### Data for review

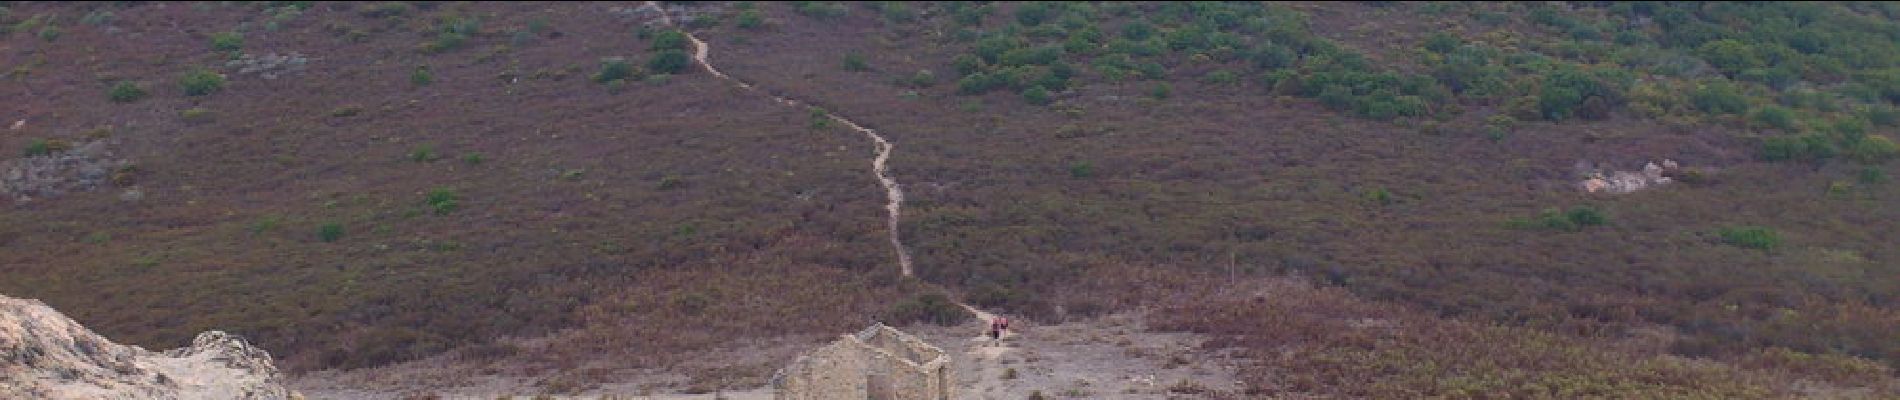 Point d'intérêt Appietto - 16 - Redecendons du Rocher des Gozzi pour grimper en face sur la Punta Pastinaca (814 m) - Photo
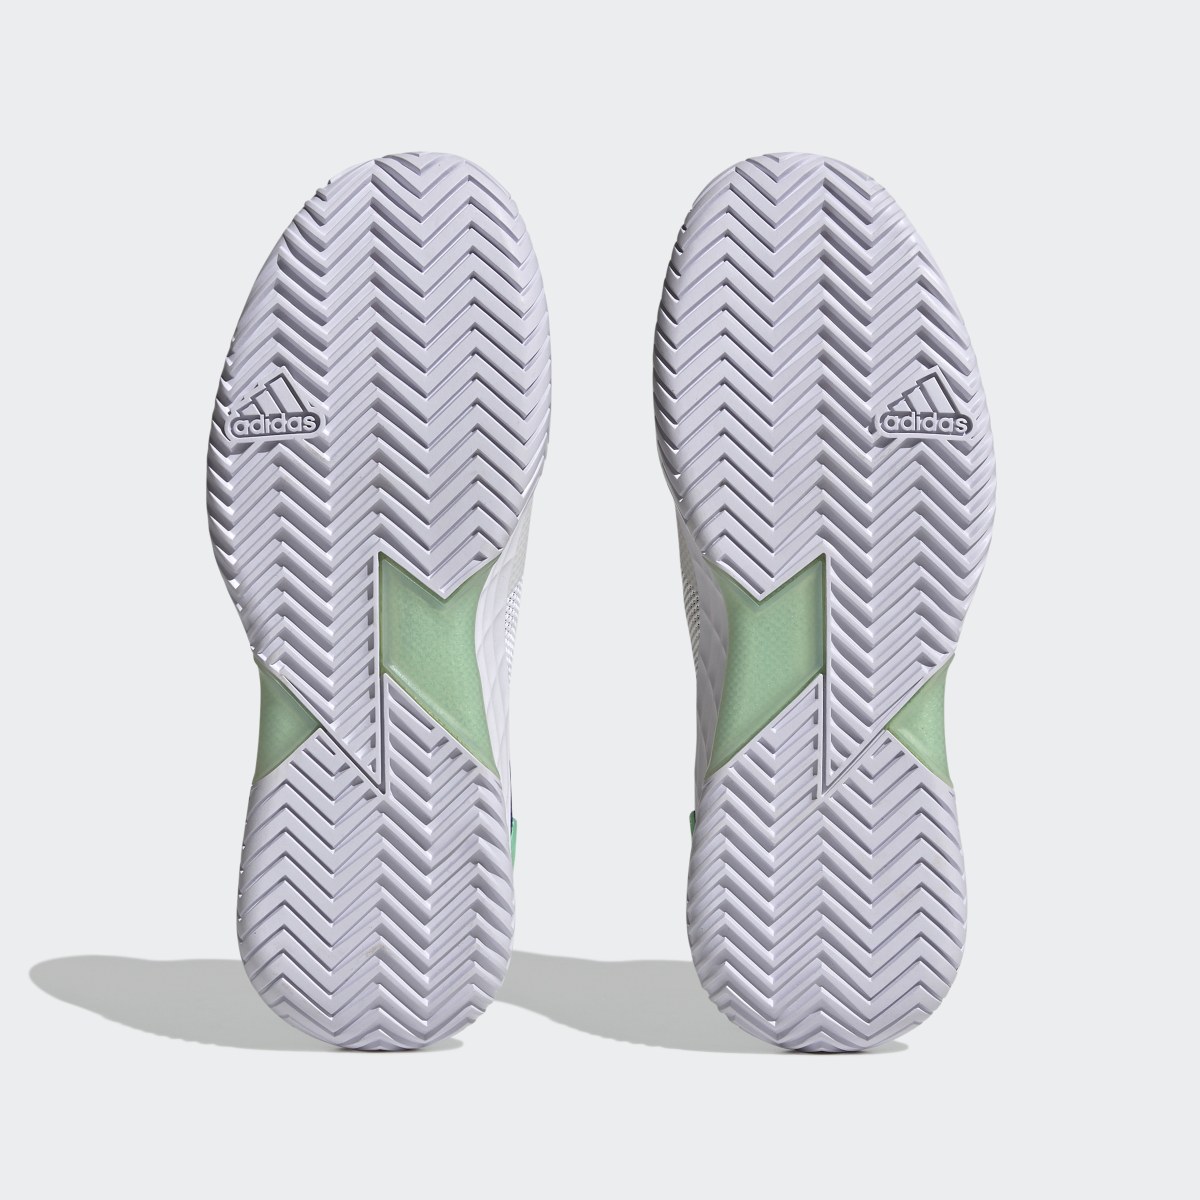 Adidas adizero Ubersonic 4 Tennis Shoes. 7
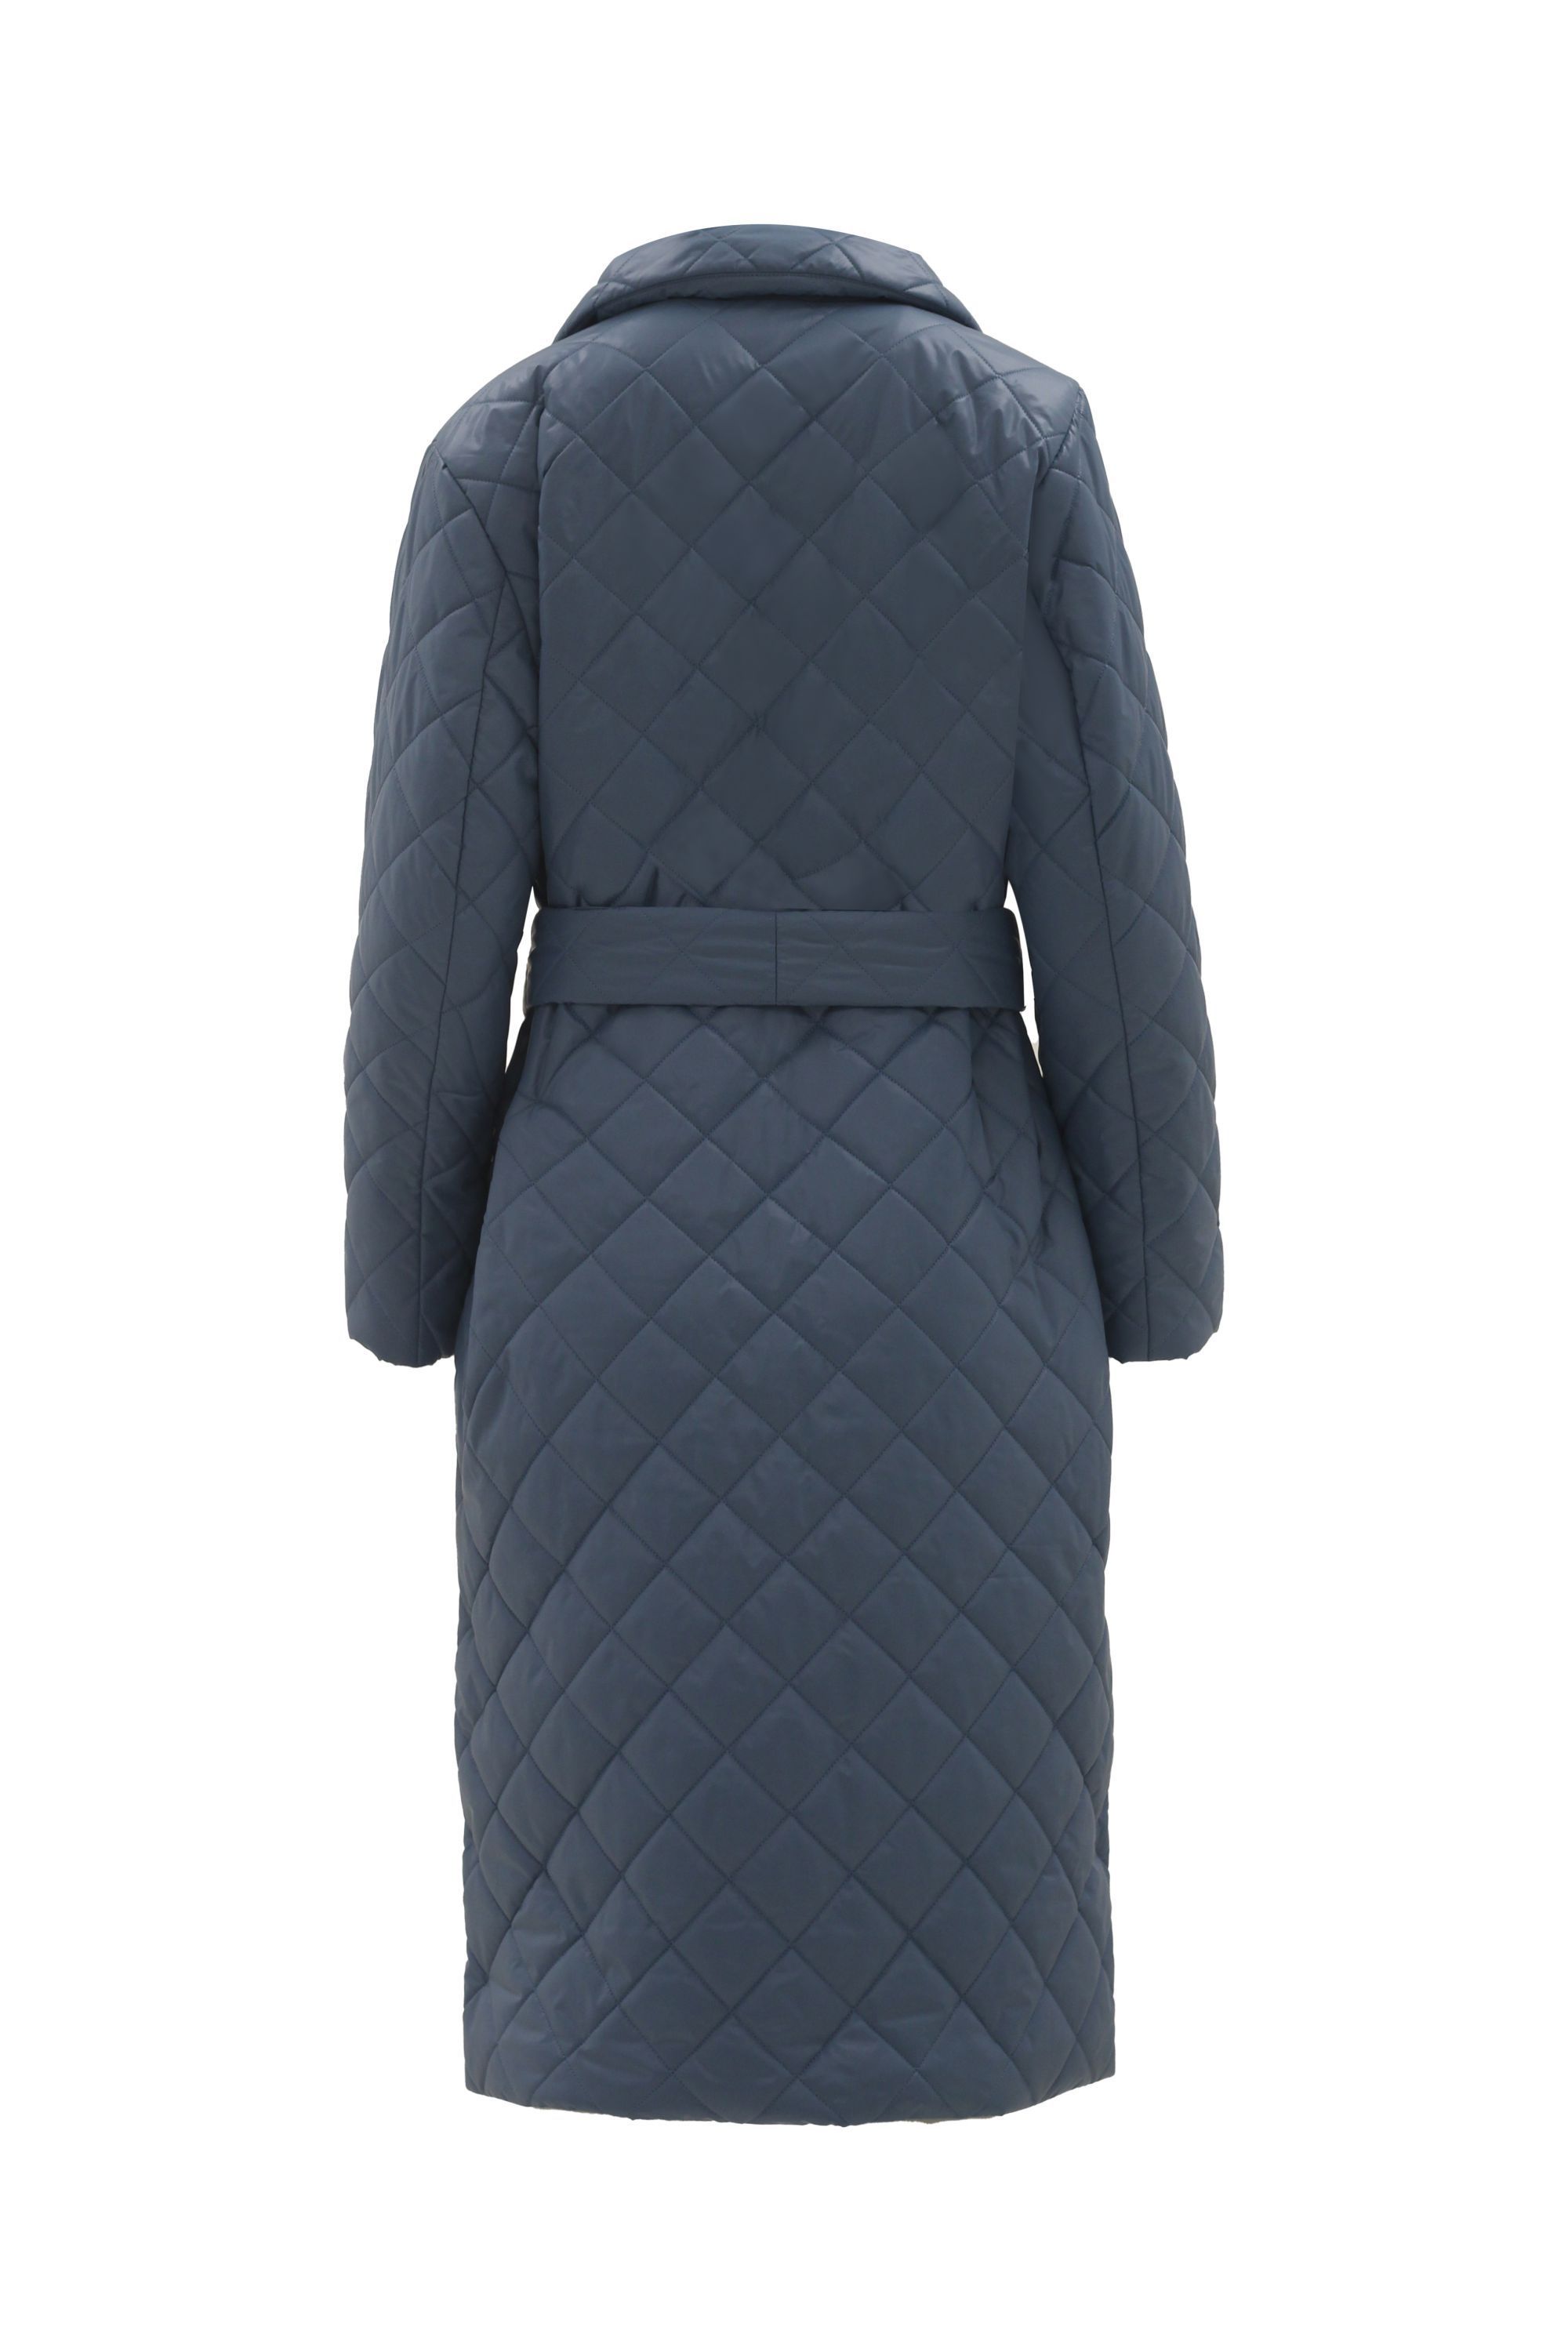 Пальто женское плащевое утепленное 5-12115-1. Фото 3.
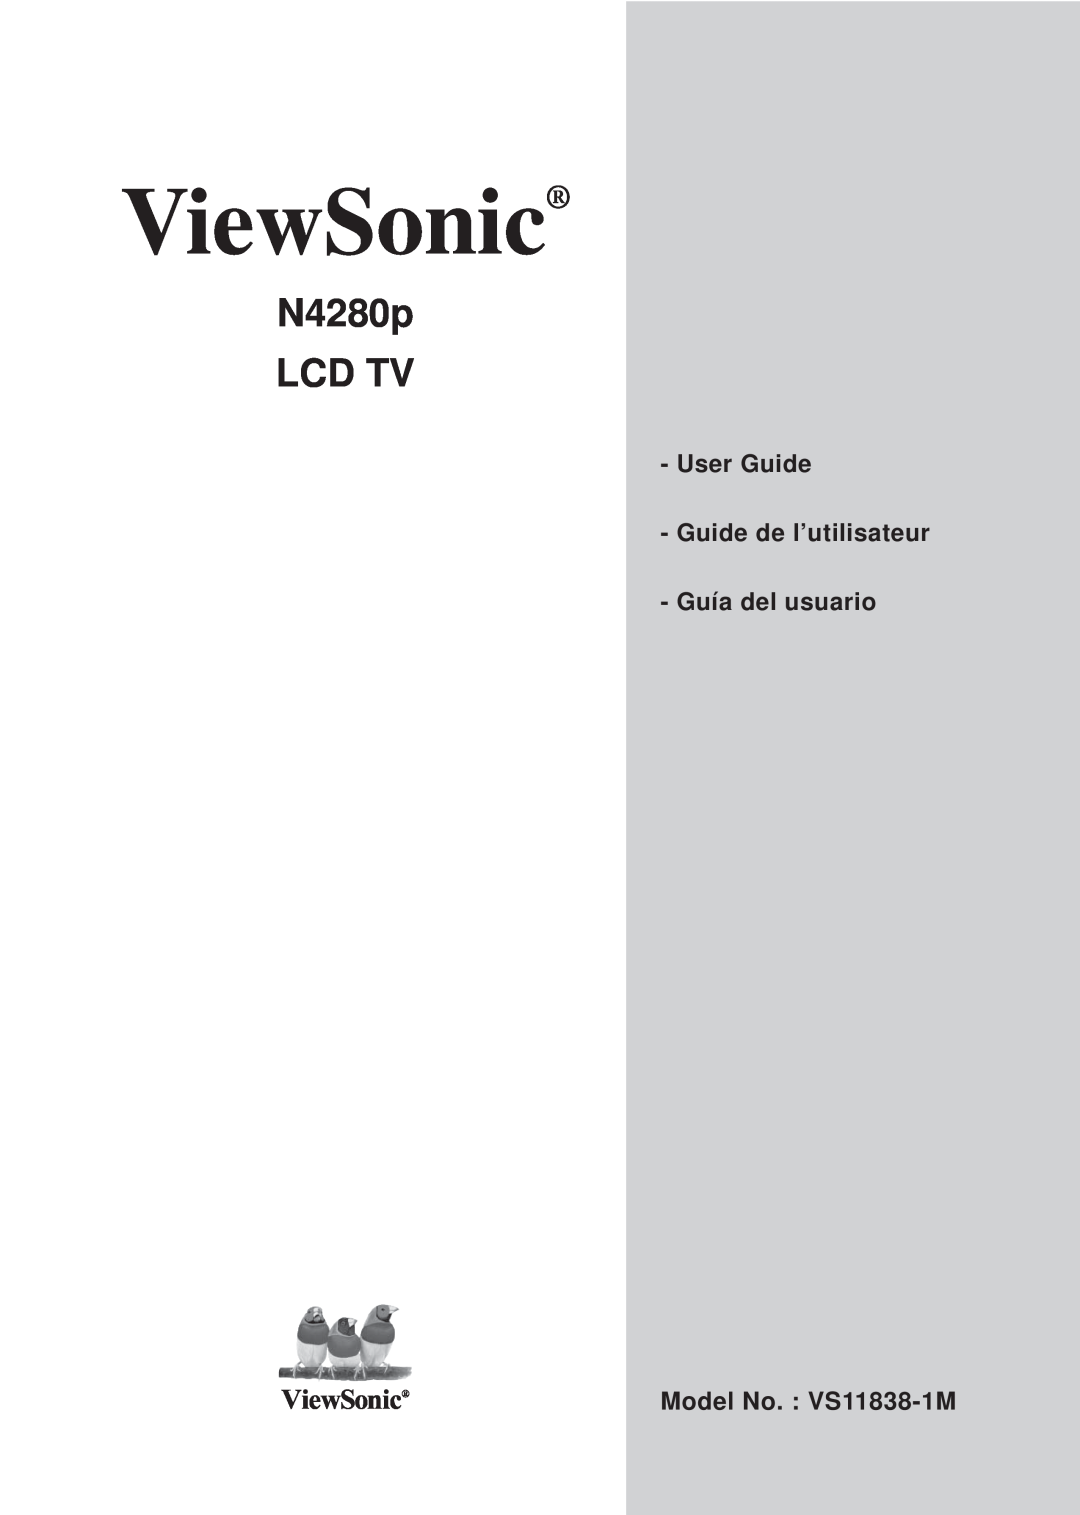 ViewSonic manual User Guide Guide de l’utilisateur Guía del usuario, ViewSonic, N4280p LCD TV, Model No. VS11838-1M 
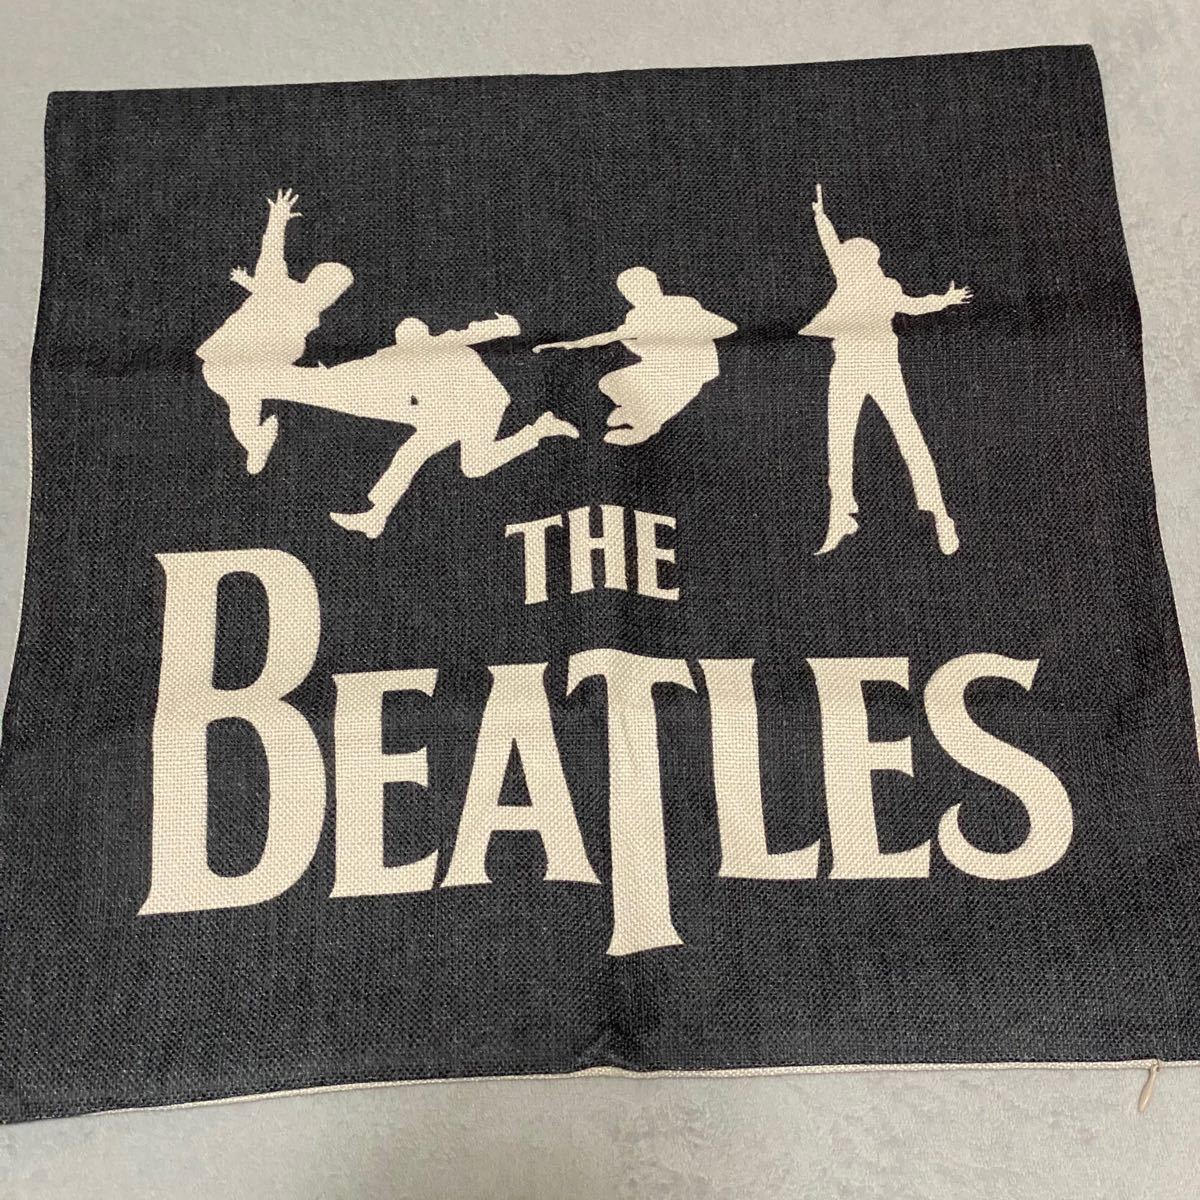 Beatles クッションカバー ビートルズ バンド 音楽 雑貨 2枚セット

######

### Your objective
Copy the final portion of the records: every line from the one containing "Adidas adizero Ubersonic 4 Tennis Shoes. 7" through the last, word for word, without pictures.

### Answer below
 Adidas adizero Ubersonic 4 Tennis Shoes. 7
 Пальто женское плащевое утепленное 5-12115-1. Фото 3.
 ViewSonic manual User Guide Guide de l’utilisateur Guía del usuario, ViewSonic, N4280p LCD TV, Model No. VS11838-1M 
 Beatles クッションカバー ビートルズ バンド 音楽 雑貨 2枚セット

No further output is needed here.